The MTA moved forward Monday with plans to keep the Second Avenue Subway extension on track, even as the transit authority wages a federal court battle over $60 million in withheld funding that threatens to derail the long-promised project.
The authority’s board is set to vote Wednesday on awarding the third of four contracts for the planned three-station extension of the Q line, which would push the route north from 96th Street through East Harlem to 125th Street. The vote comes less than two weeks after the MTA sued the Trump administration, accusing the federal government of breaching a 2023 contractual agreement by refusing to release the money.
Jamie Torres-Springer, president of MTA Construction and Development, said the start of work depends on resolving “the uncertainty created by the federal government’s recent refusal to reimburse us.” He added that the authority is “prepared to move quickly once federal uncertainty is resolved,” and committed to delivering the project on time and on budget if the contract award moves ahead as planned.

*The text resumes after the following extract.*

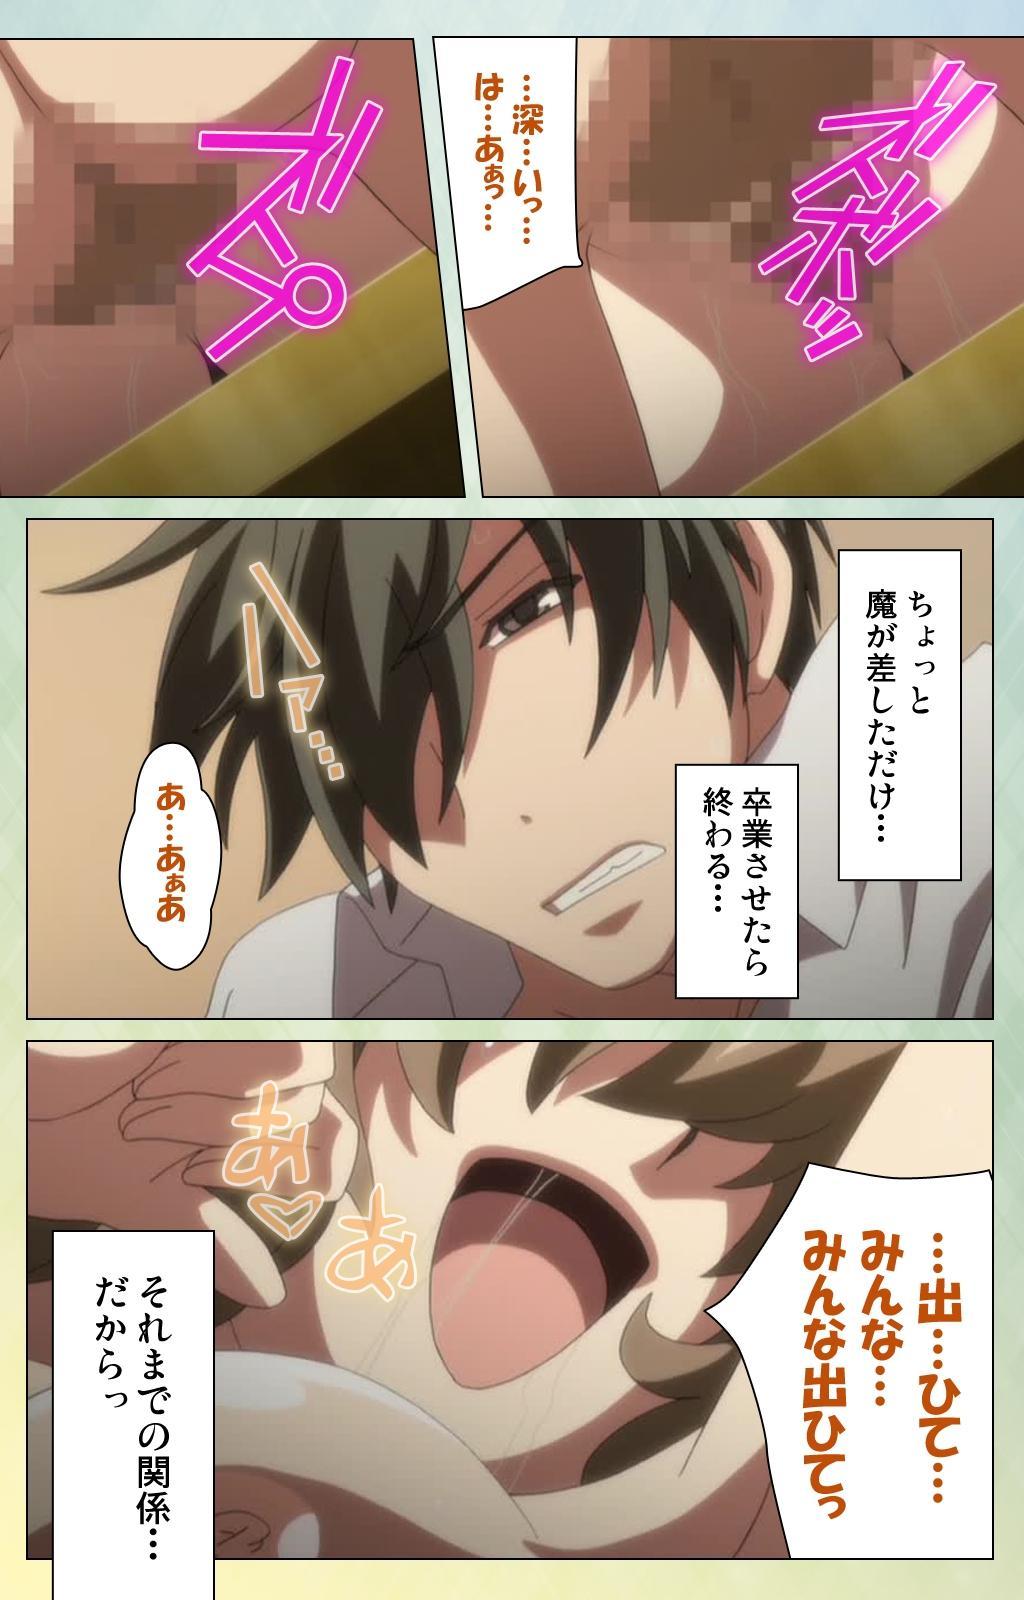 Furueru Kuchibiru fuzzy lips0 Complete Ban 31

The work covered by this contract is the most technically demanding stretch of the entire extension. Workers will dig trenches 60 feet deep along Second Avenue between 105th and 110th streets, removing 215,000 cubic yards of earth to construct the 106th Street station. MTA officials described this phase as “perhaps the most technically challenging” portion of the project.
Despite the scale of the excavation, the MTA says Second Avenue will remain open to vehicles throughout construction. Jignesh Shah, senior director for MTA Construction and Development, said “special care will be taken to ensure the access to the buildings, businesses and schools is continuously maintained” along the route. That matters enormously to East Harlem residents and business owners who have already watched their neighborhood absorb years of preparation work. La Amistad Pizzeria and Grill, for one, is currently operating behind construction fencing near the site.
The new work would also connect the existing tail tracks at the northern end of the first phase to a tunnel that has sat dormant since the 1970s, when a fiscal crisis forced the city to halt construction on a subway line first proposed in 1929. That dormant tunnel, unused for more than five decades, would finally be put to use.
Torres-Springer called the project a fulfillment of “a promise almost a century old to bring subway service to East Harlem.” That framing is hard to argue with. The neighborhood has been passed over, promised, and disappointed on this subway extension for generations. The first phase, which opened in 2017 with new stations at 72nd, 86th and 96th streets, stopped just short of East Harlem. The communities north of 96th Street, disproportionately Black and Latino, have been waiting ever since.
Now the federal government is standing in the way. The MTA’s lawsuit charges that the Trump administration’s refusal to release the $60 million has forced the authority to pull money away from other critical transportation projects to cover the gap. The $7 billion total cost of the extension makes federal partnership essential. The MTA cannot absorb a federal funding freeze and simply move on.
This is the tension at the heart of what should be a straightforward infrastructure story. The MTA has contracts. It has a construction schedule. It has a legally binding agreement with the federal government signed in 2023. And yet here we are, with the agency in court trying to force the government to honor its word while simultaneously trying to project confidence to contractors, communities, and commuters that the project remains viable.
If construction begins later this year as hoped, East Harlem residents would finally see real, tangible progress toward subway service that connects them to the rest of the city the way the rest of Manhattan has long taken for granted. Whether the courts move fast enough to keep that timeline intact is now the central question. The MTA is doing what it can to keep moving. The federal government needs to get out of the way.